Our Treatment and Services Segments’ business continues to be heavily dependent
on services that we provide to governmental clients directly as the contractor
or indirectly as a subcontractor. We believe demand for our services will
continue to be subject to fluctuations due to a variety of factors beyond our
control, including, without limitation, the economic conditions, the manner in
which the applicable government will be required to spend funding to remediate
various sites, and/or the impact resulting from COVID-19 as discussed above. In
addition, our governmental contracts and subcontracts relating to activities at
governmental sites in the United States are generally subject to termination or
renegotiation on 30 days’ notice at the government’s option, and our
governmental contracts/task orders with the Canadian government authorities
allow the authorities to terminate the contract/task orders at any time for
convenience. Significant reductions in the level of governmental funding or
specifically mandated levels for different programs that are important to our
business could have a material adverse impact on our business, financial
position, results of operations and cash flows. As previously disclosed, our
Medical Segment continues to evaluate strategic options to commercialize its
medical isotope production technology.
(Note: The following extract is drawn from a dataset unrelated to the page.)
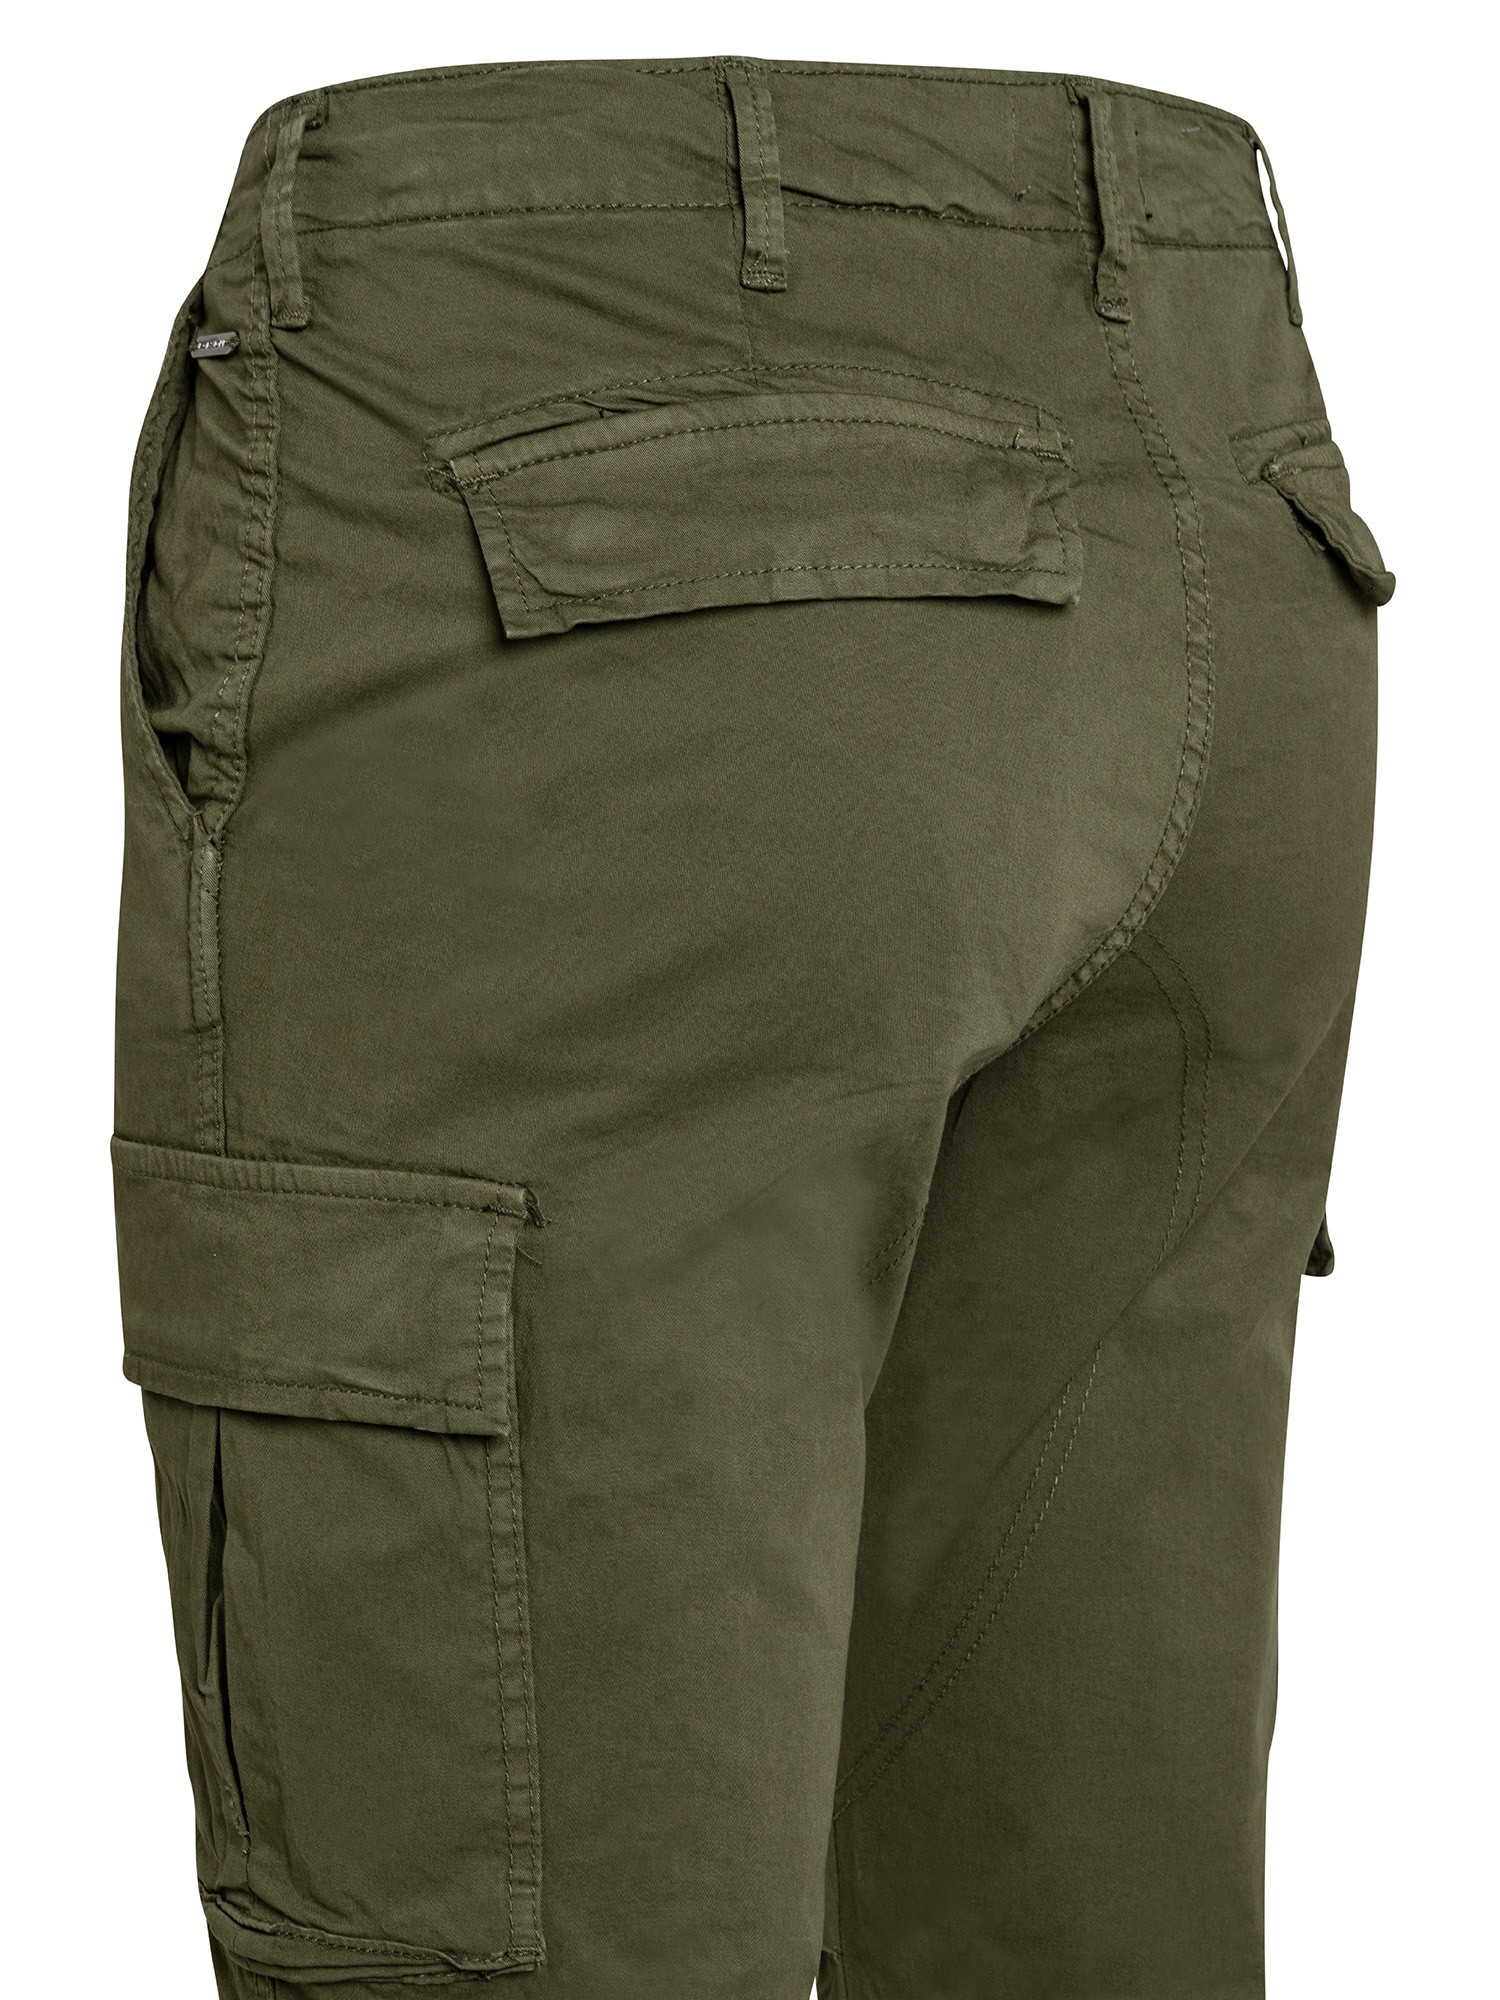 Cargo pants with side pockets, Green, large image number 2

These options generally require
substantial capital to fund research and development (“R&D”) requirements, in
addition to start-up and production costs. The Company’s Medical Segment has
substantially reduced its R&D costs and activities due to the need for capital
to fund such activities. The Company anticipates that its Medical Segment will
not resume full R&D activities until it obtains the necessary funding through
obtaining its own credit facility or additional equity raise or obtaining new
partners willing to fund its R&D activities. If the Medical Segment is unable to
raise the necessary capital, the Medical Segment could be required to further
reduce, delay or eliminate its R&D program.

We are continually reviewing methods to raise additional capital to supplement
our liquidity requirements, when needed, and reducing our operating costs. We
are committed in furthering our implemented strategic plan, which includes
continually increasing our overall contract bid/win ratio and expansion into
both commercial and international markets to increase revenues in our Treatment
and Services Segments to offset the uncertainties of government spending in the
United States
. Subject to the impact of COVID-19 as discussed above, we believe
that the full implementation of our strategic plan should be accomplished over
the next few years, and when fully implemented, we believe it should improve our
revenue and liquidity and increase our shareholder values.



Results of Operations


The reporting of financial results and pertinent discussions are tailored to our
three reportable segments: The Treatment, Services, and Medical Segments. Our
Medical Segment has not generated any revenue and all costs incurred are
included within R&D. Our results of operations for the balance of 2020 could be
subject to the impact of COVID-19 as discussed above under “COVID-19 Impact.”